# Has anyone here successfuly combined two rat manors?



## Ladylazerstar702 (Sep 15, 2016)

My sister is bringing me her old rat manor this weekend since she was gifted a free ferret nation and I want to use it as an addition to my current rat manor. I was thinking it can't be all that difficult to just remove one side from each and use zip ties to hold them together but I'm not too sure about the two pans lining up perfectly or the gap that might be left between them. Any suggestions?


----------



## kenbofosho (Nov 26, 2016)

I would imagine you would need some wire cutters to get through it, I would probably solder instead of zip tie just for the security. Gorilla duct tape would probably make a good seal as far at the pans go, but they have the raised edges so you would need to use tinsnips to get through those and that could cause a sharp and lethal edge. I would gorilla duct tape over that as well. It might not be the prettiest but I would imagine it would work if used properly!


----------



## moonkissed (Dec 26, 2011)

I don't have a rat manor so I am not really sure. I would imagine you could easily just zip tie them together (My martins cage is ziptied together with no issues just use alot, and check often for chewing) if there is a gap though so that the zipties can't be flush and tight it may make them chew them more.

maybe ditch the bottoms and use a plastic storage bin or coroplast to make a base, with the cage sitting inside the base.
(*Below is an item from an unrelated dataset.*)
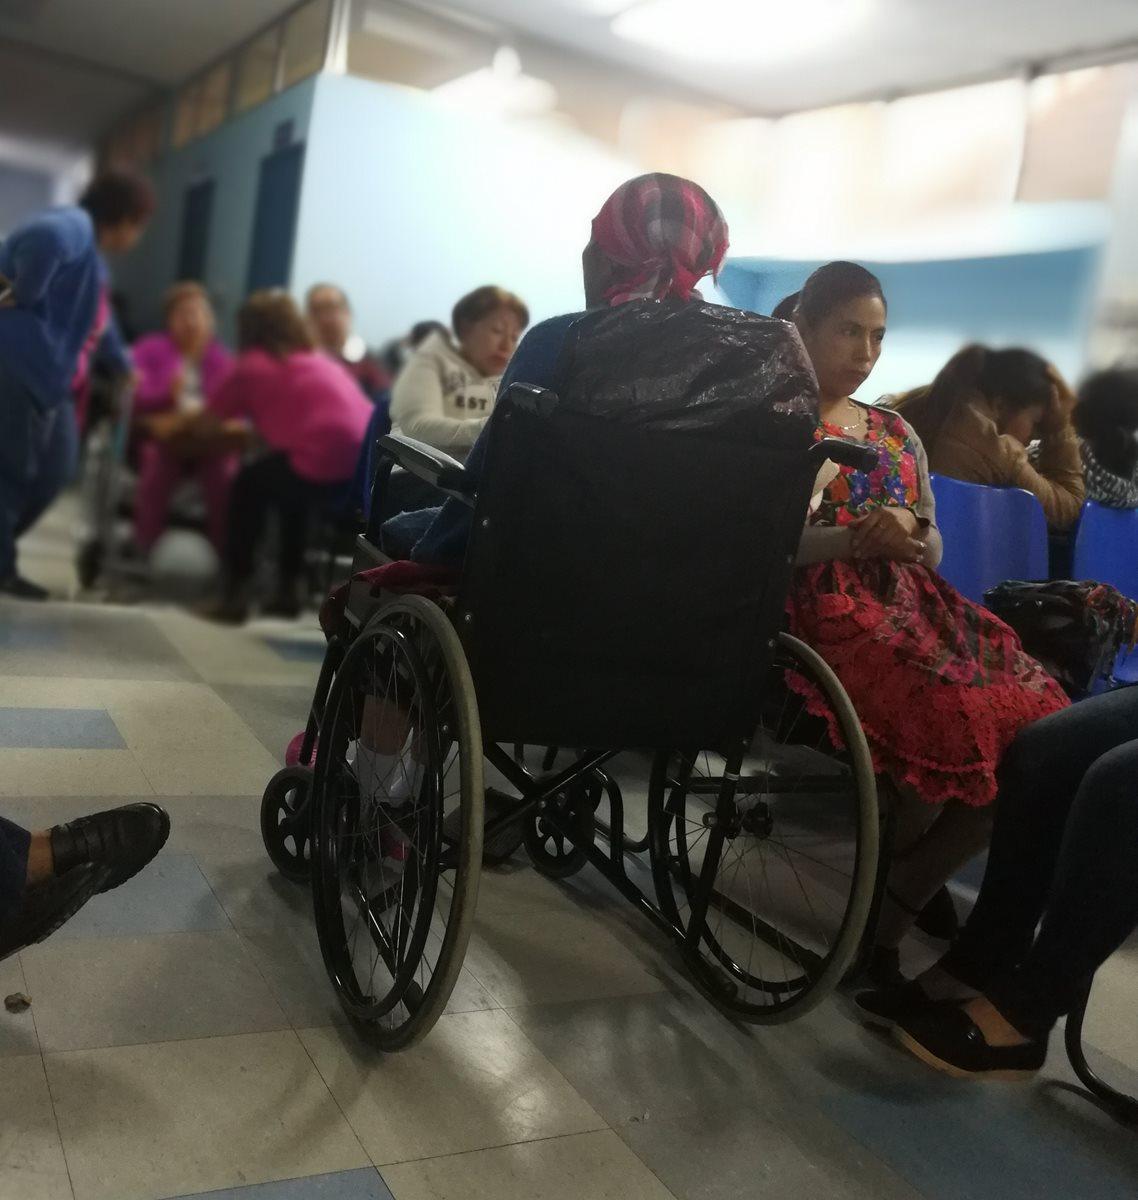 En el área de oncología del Hospital General muchos pacientes han dejado de recibir el tratamiento de quimioterapia por falta de medicamentos. (Foto Prensa Libre: Ana Lucía Ola)

This might help: http://www.goosemoose.com/rfc/index.php?topic=4066107.0


----------



## Ladylazerstar702 (Sep 15, 2016)

THANK YOU 
I had actually given up on this idea since I couldn't make them line up correctly but now that I see someone has actually successfully done this, and it looks great I'll definitely be giving this another shot.


----------



## awkturtle (Mar 13, 2016)

I was trying to do the same thing! I have an old used rat manor that I got from a friend, and then I just bought a new one when it was on sale - I was thinking of trying to put one cage on top of the other, and just cut the top off of one cage, to make it taller instead of wider. Anyone ever do that before or seen pictures? I bought the rat manor because currently the critter nation would be too heavy to get up to my apartment :/ but I want to get the biggest cage possible for my three girls!


----------



## Ladylazerstar702 (Sep 15, 2016)

I was considering this as well but I was worried about the stability of it. I couldn't find any information on anyone who successfully did it but then again I couldn't find anyone who successfully attached them side by side either so it's definitely possible


----------



## awkturtle (Mar 13, 2016)

Hi! I just successfully did this! I cut the top off of one cage, the top comes off easily with a decent pair of wire cutters. I then zip tied the bottom of one cage to the top of the cut one, and it is pretty sturdy. Just make sure to line up the pieces so there aren't any openings. It took a few hours, but is definitely worth it! My three girls are so happy with their penthouse  I had to add a few extra ladders for the added levels, but it worked out well. I then just use a single base for both cages, and I put carefresh/yesterdays news down for litter, and then fleece on all of the levels. Its definitely a cheaper option to get a large cage, and it is easy to take apart!


----------